The third part of my interview preparation focusing on searching and sorting. Find the introduction on data structures here.

  • Binary search
    • Applied on a sorted array
    • Recursive or iterative implementations
    • If there are more than one matching results (i.e. numbers are not distinct) returns a random index. To find the first one go left.
    • Examples: 9.3 in 1
  • Generic Search

Sorting

Classification

  • Stable: the relative order of equal elements is preserved.
  • In-place: returns the input sorted (not a copy of it), in practice this means it requires O(1 or logn) auxiliary space.
  • Comparative: based on comparisons
    • Comparative algorithms can't do better than nlogn on average or worst cases.
    • All of the following are comparative except counting-radix-bucket.
  • General method: insertion, exchange, selection, merging, etc.
  • Adaptability: Whether or not the presorted-ness of the input affects the running time.
Name Time (best-worst) Space Stable? In-place
Insertion n-n^2 O(1) yes yes
Selection n^2 O(1) no yes
Heapsort nlogk-nlogn O(1) no yes
Mergesort nlogn O(n) yes no
Quicksort nlogn-n^2 O(logn) no (usually)  
Counting sort n k - (doesn't make sense for ints) yes

Details

  • Insertion: splits sorted and unsorted part of the input, implementation looks back in the sorted part for every element. Can be used as the base case for other divide n conquer algos (merge, quicksort or bucket sort)
  • Selection: Implementation looks ahead for the next minimum
    • Heapsort: selection sort with a (max or min) heap
  • Quicksort: divide n conquer, partition method. best theoretical explanation here, worst case when the pivot divides in very small and very big lists (recurrence T(n) = T(n-1) + O(n) and quadratic time).
    • Found 2 similar implementations (more here)
      1. Choose pivot, swap it to the end (or just choose last), keep an index of first larger than pivot element and run through the elements swaping with a smaller element. At the end swap the pivot with the larger element.
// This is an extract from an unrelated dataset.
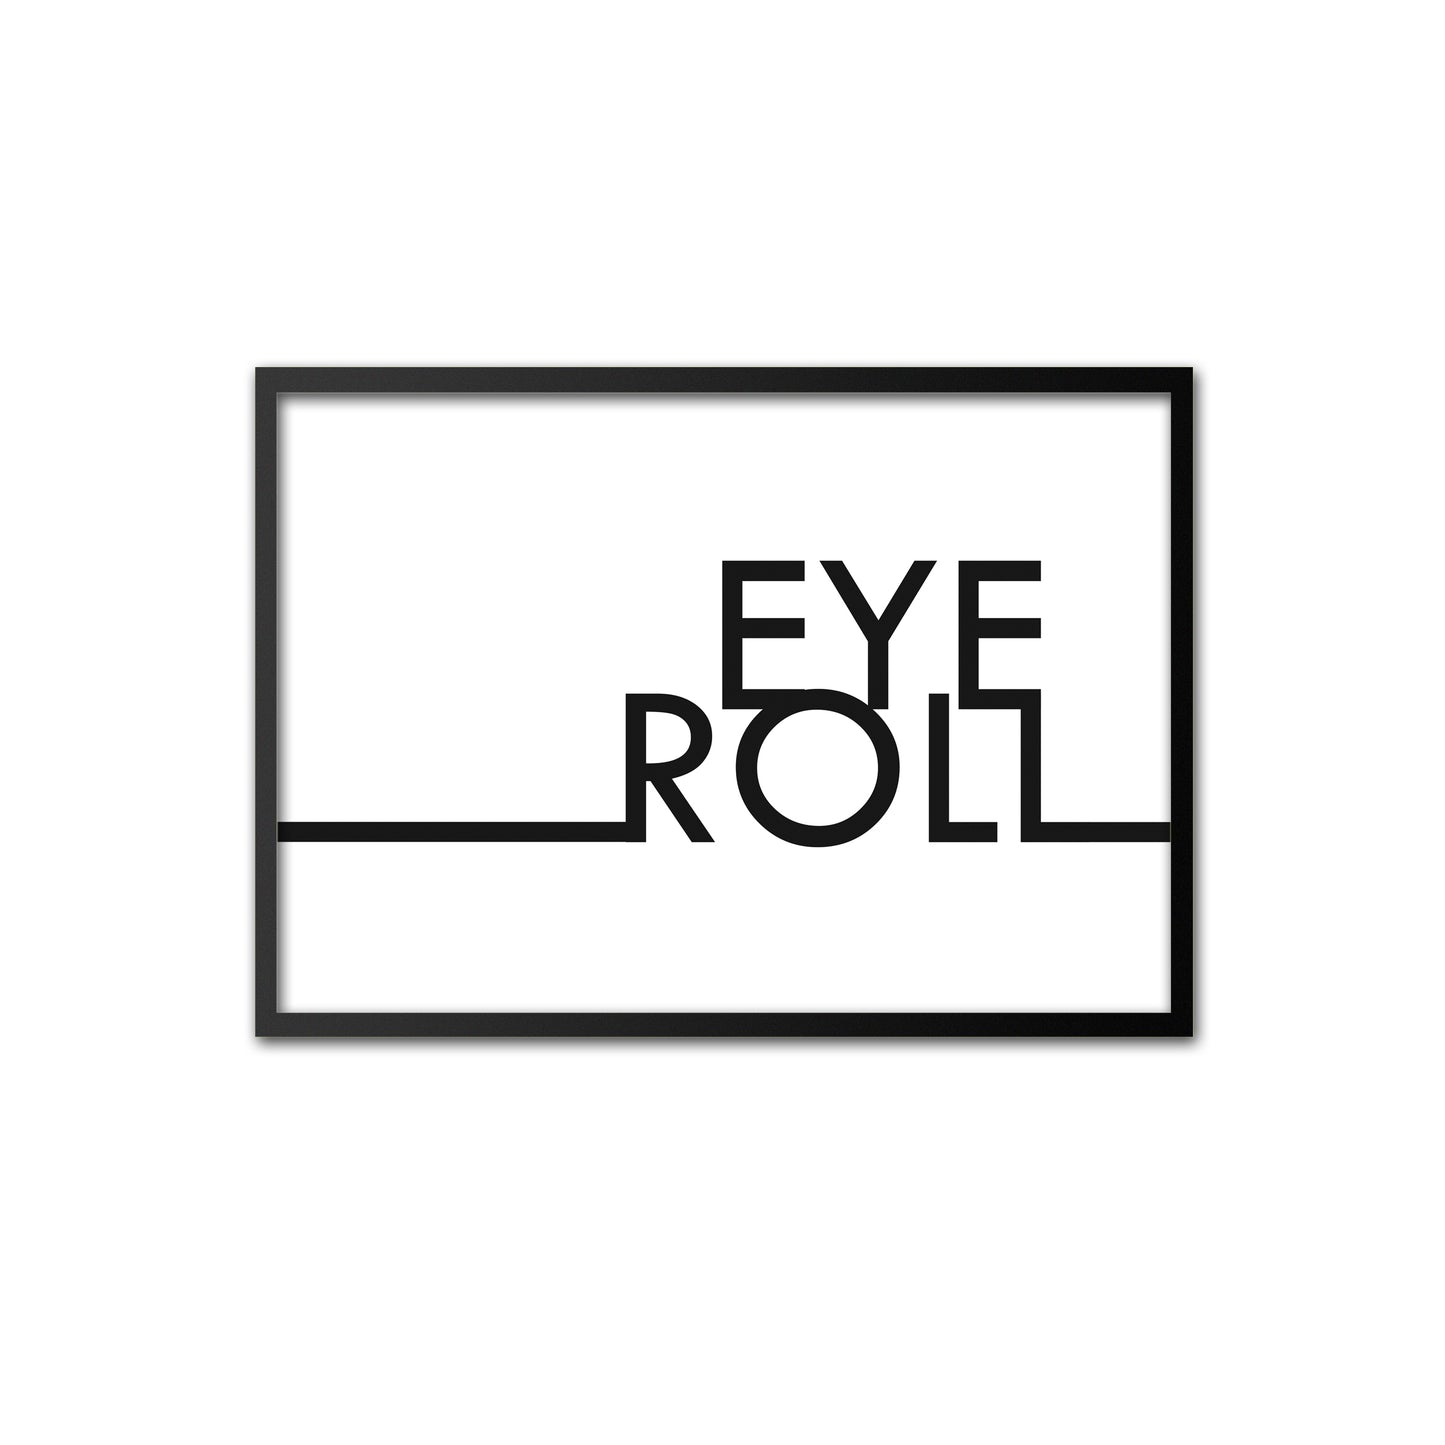 Eye Roll - black on white
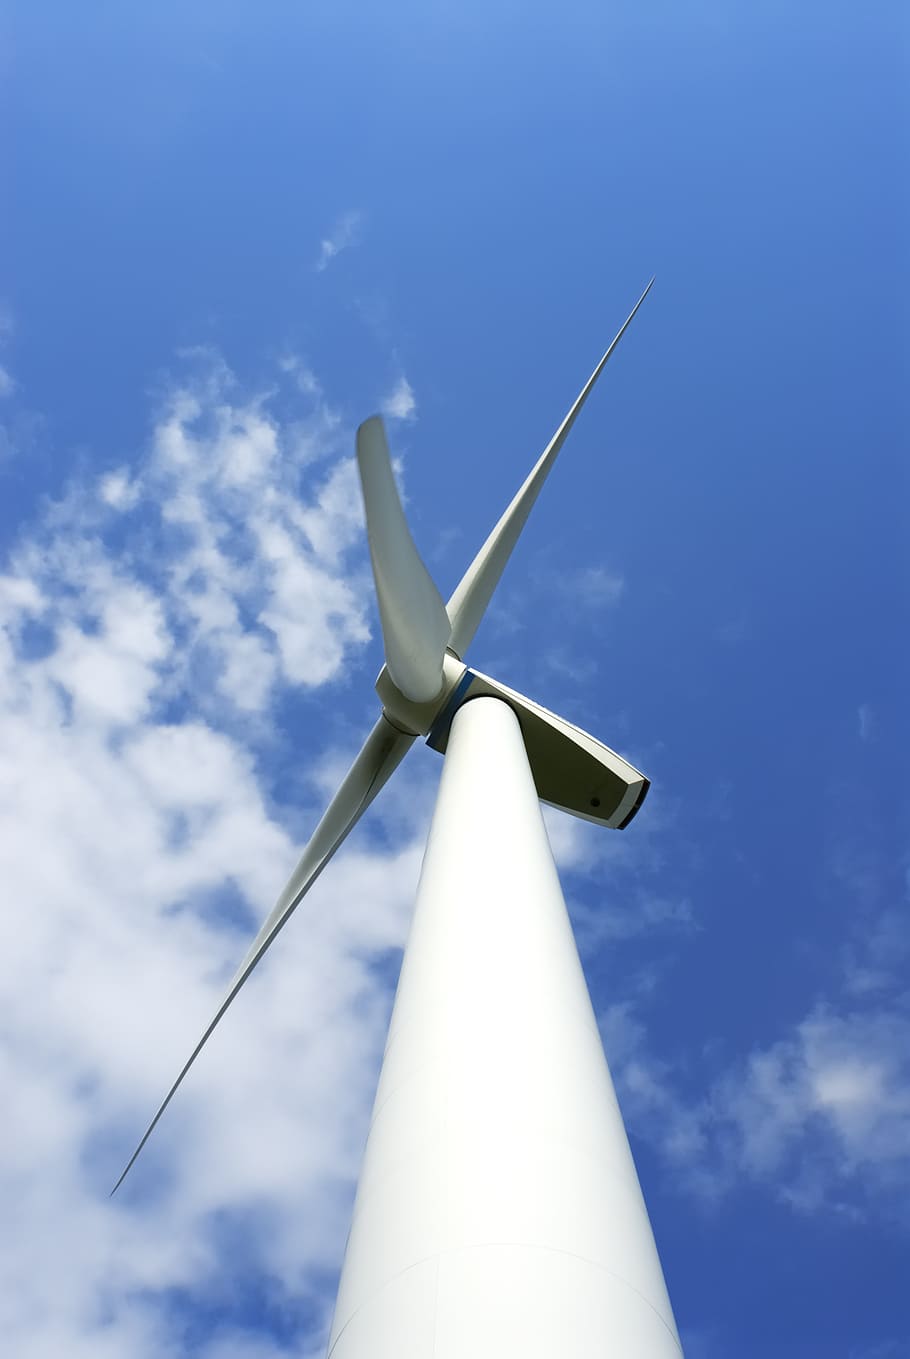 tenaga angin, energi, udara, angin, konservasi lingkungan, turbin angin, energi terbarukan, turbin, energi alternatif, bahan bakar dan pembangkit listrik

Repeat for left and right side e.g. here or 3
      2. Choose pivot, swap left with right elements until the pointers cross, repeat for left and right list, see 1
    • Introsort: Quicksort + Heapsort
    • Practical example: 18.6 in 1
  • Mergesort: divide 'n' conquer, merging method.
    • Timsort: mergesort + insertion
  • Counting3
    • Bucket3: uniform distribution and ordered hash, hash + insertion sort in the bucket.
    • Radix: get max, counting sort per digit

Use-cases

  • Small n or almost sorted? insertion (worst case on reversely sorted array)
  • Guaranteed nlogn worst case or k-sorted array? heapsort
  • Stability is a must, we sort a linked list (or other slow random access data) or data does not fit in main memory: mergesort
  • Fastest average case: quicksort
  • Reverse input: shell sort or heap?
  • Values within a range (possibly with many duplicates): counting sort. Range too big? Radix or bucket sort (provided uniform distribution of input)
  • Want to minimise swaps? Selection

Cool visualisation

Java implementation details

  • Quicksort needs logn space.